_Dataset content_
*** Block opens ***

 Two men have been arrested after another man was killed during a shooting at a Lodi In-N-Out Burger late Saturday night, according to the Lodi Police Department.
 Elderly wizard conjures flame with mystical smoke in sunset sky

*** Block closes ***
*** Block opens ***

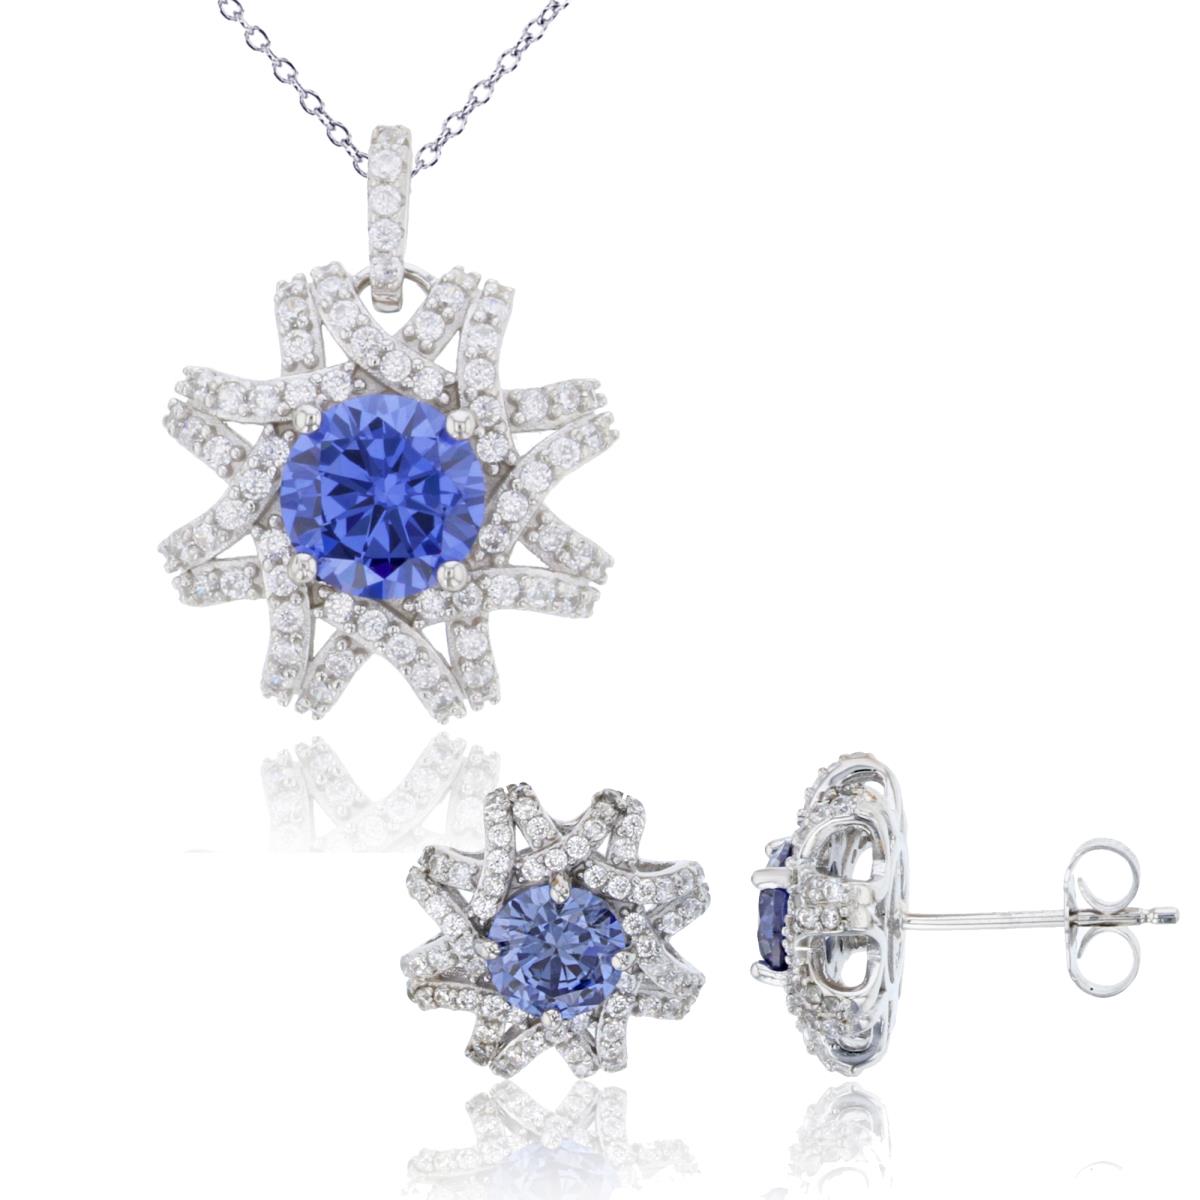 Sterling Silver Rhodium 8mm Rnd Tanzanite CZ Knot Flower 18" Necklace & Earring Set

*** Block closes ***

Restate word for word the lines in the material above from the one with "Two men have" to the one with "Elderly wizard conjures"; both of those lines count, and nothing else does.

_Response box_
 Two men have been arrested after another man was killed during a shooting at a Lodi In-N-Out Burger late Saturday night, according to the Lodi Police Department.
 Elderly wizard conjures flame with mystical smoke in sunset sky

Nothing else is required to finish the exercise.